> Exercise prompt
All lines from the one containing "Commemorative Cremation Urns" through the end of the material are to be given back exactly, without pictures.
___ Recorded information
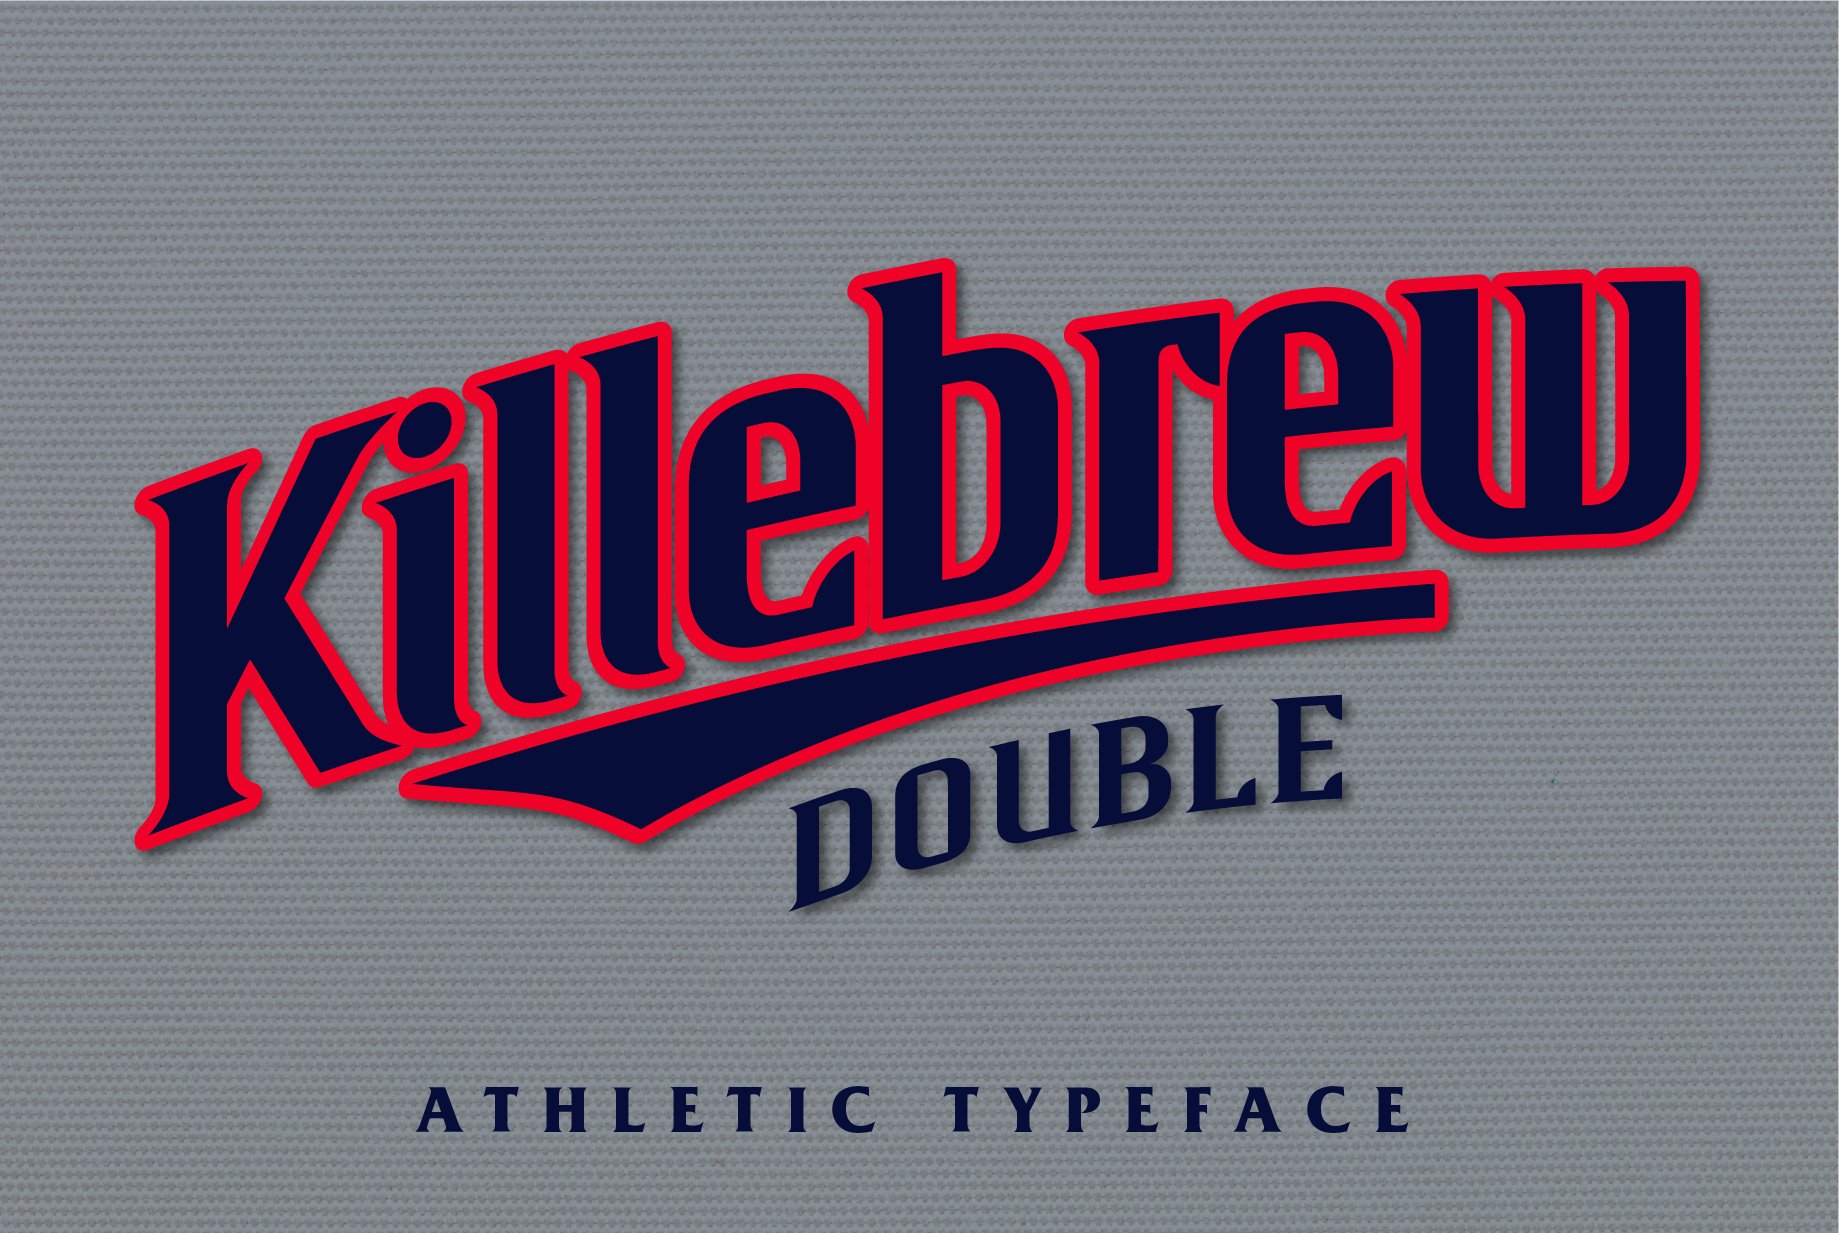 Killebrew Double | Athletic Typeface cover image.
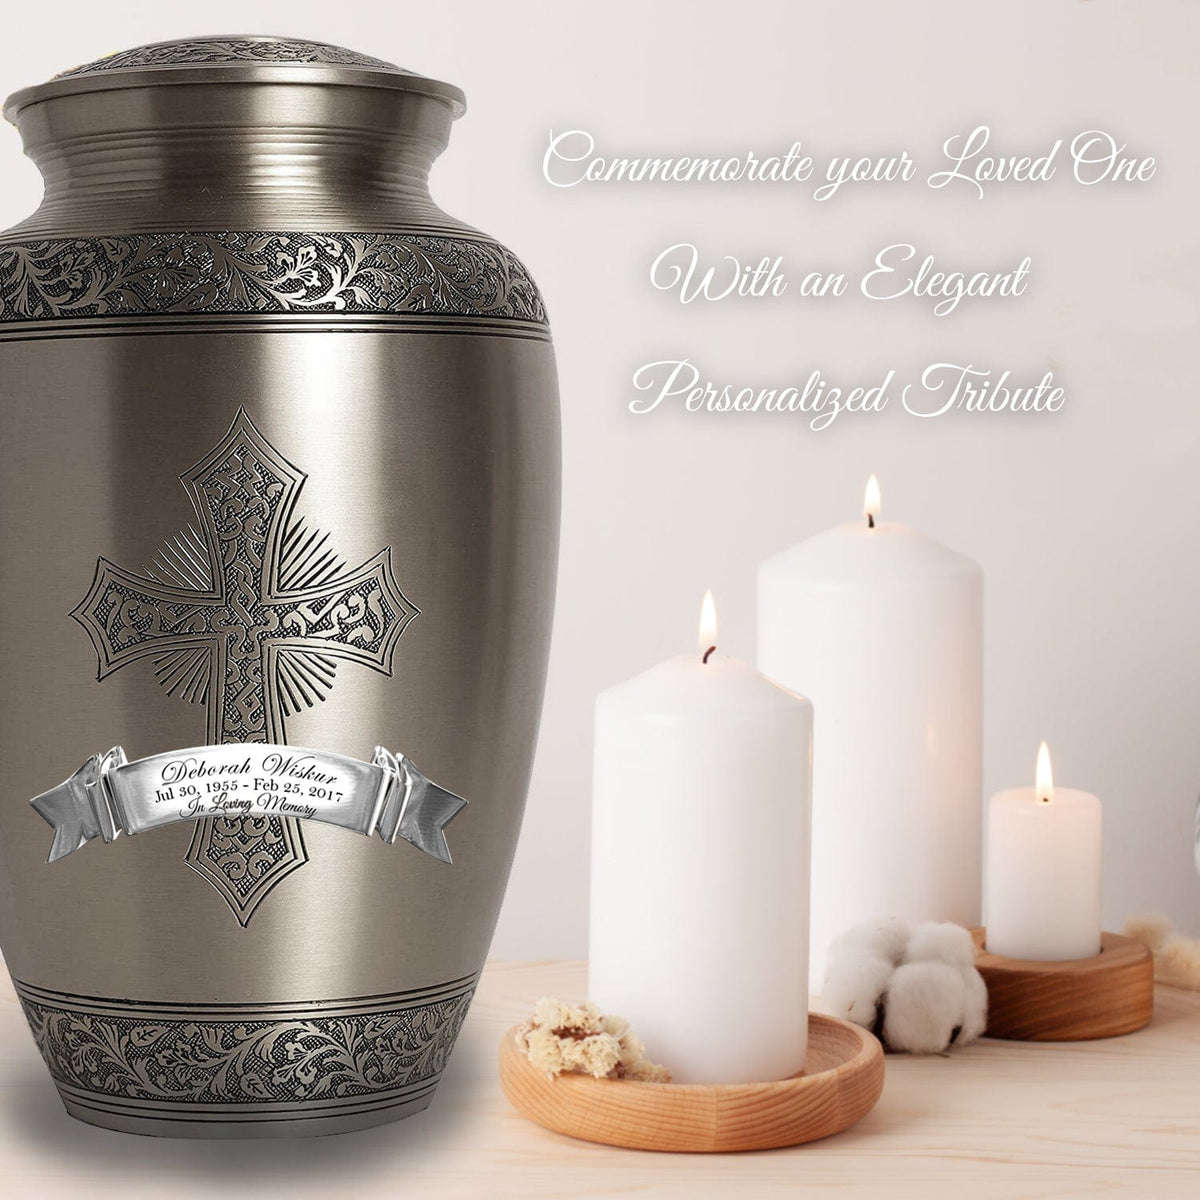 Commemorative Cremation Urns Love of Christ Silver Cross Cremation Urns
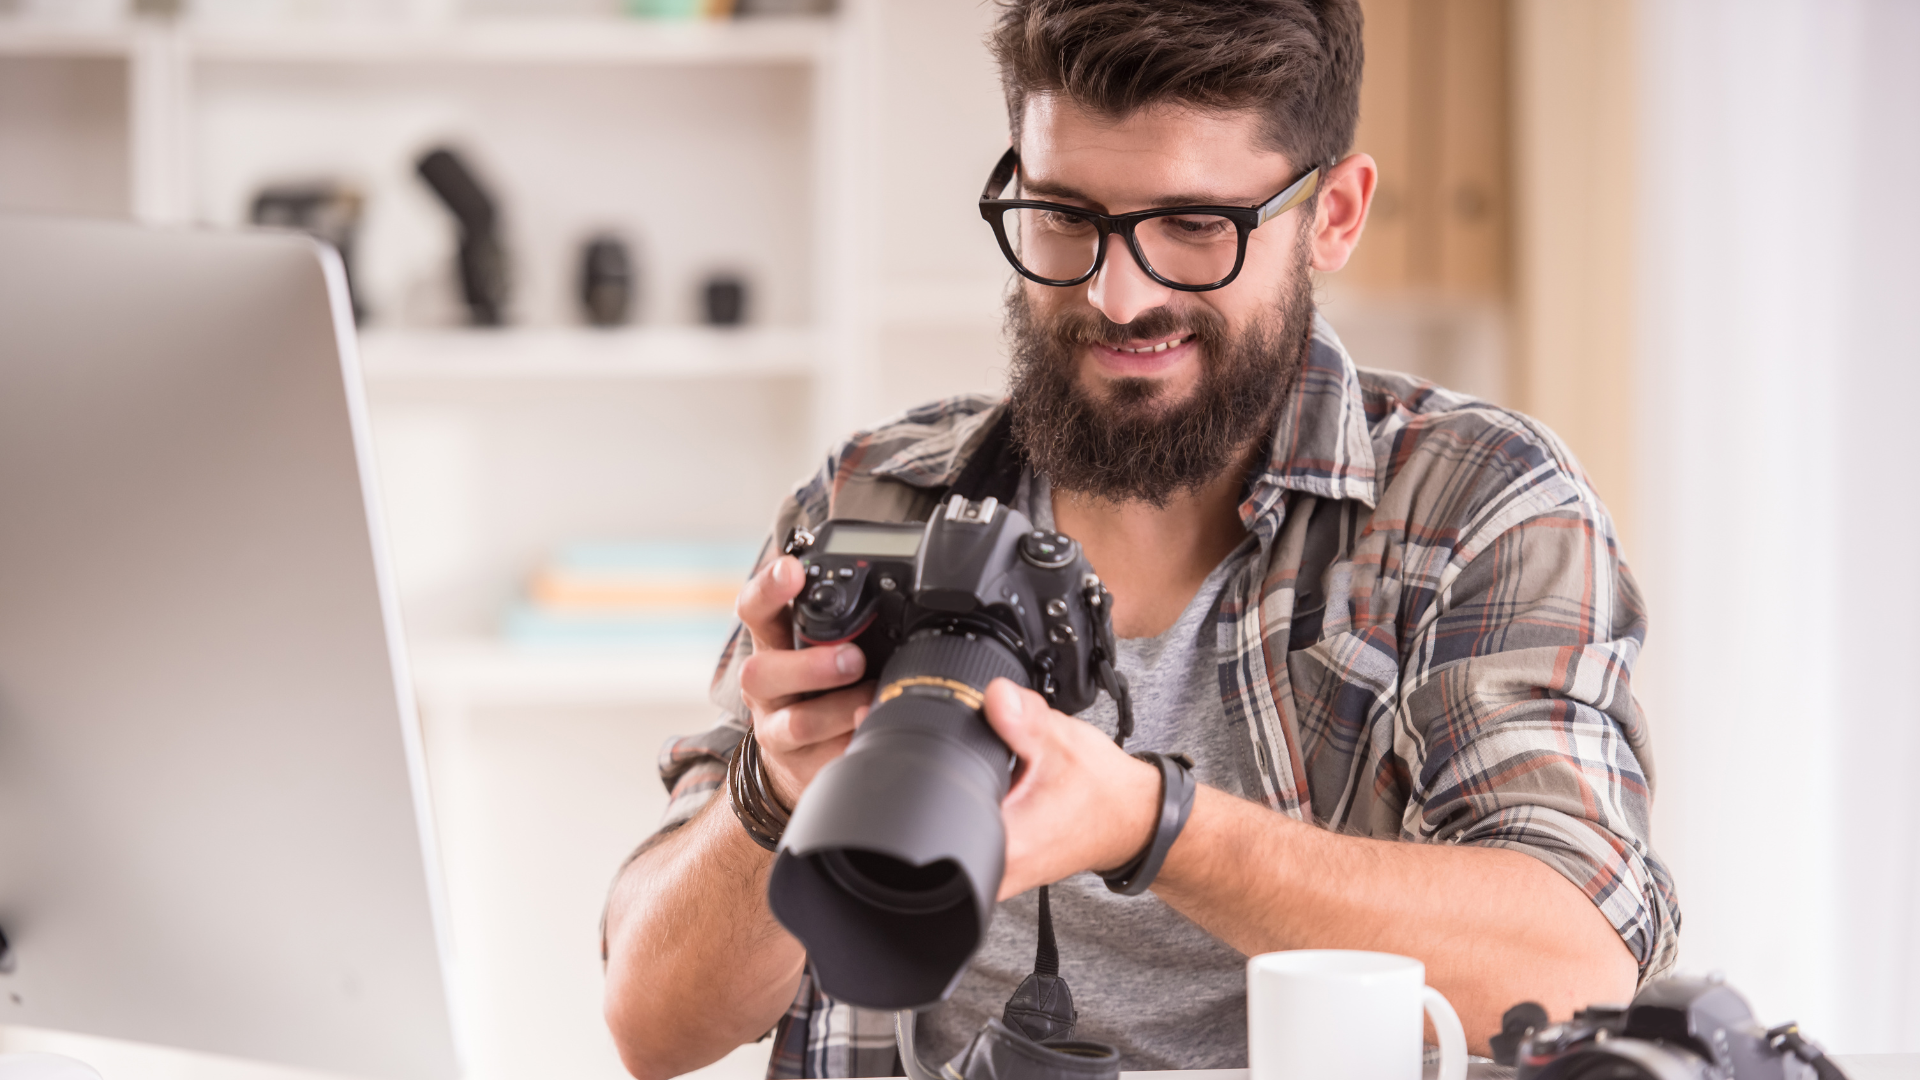 How to Take Candid Photographs
______
> Answer to this task
 Commemorative Cremation Urns Love of Christ Silver Cross Cremation Urns
 How to Take Candid Photographs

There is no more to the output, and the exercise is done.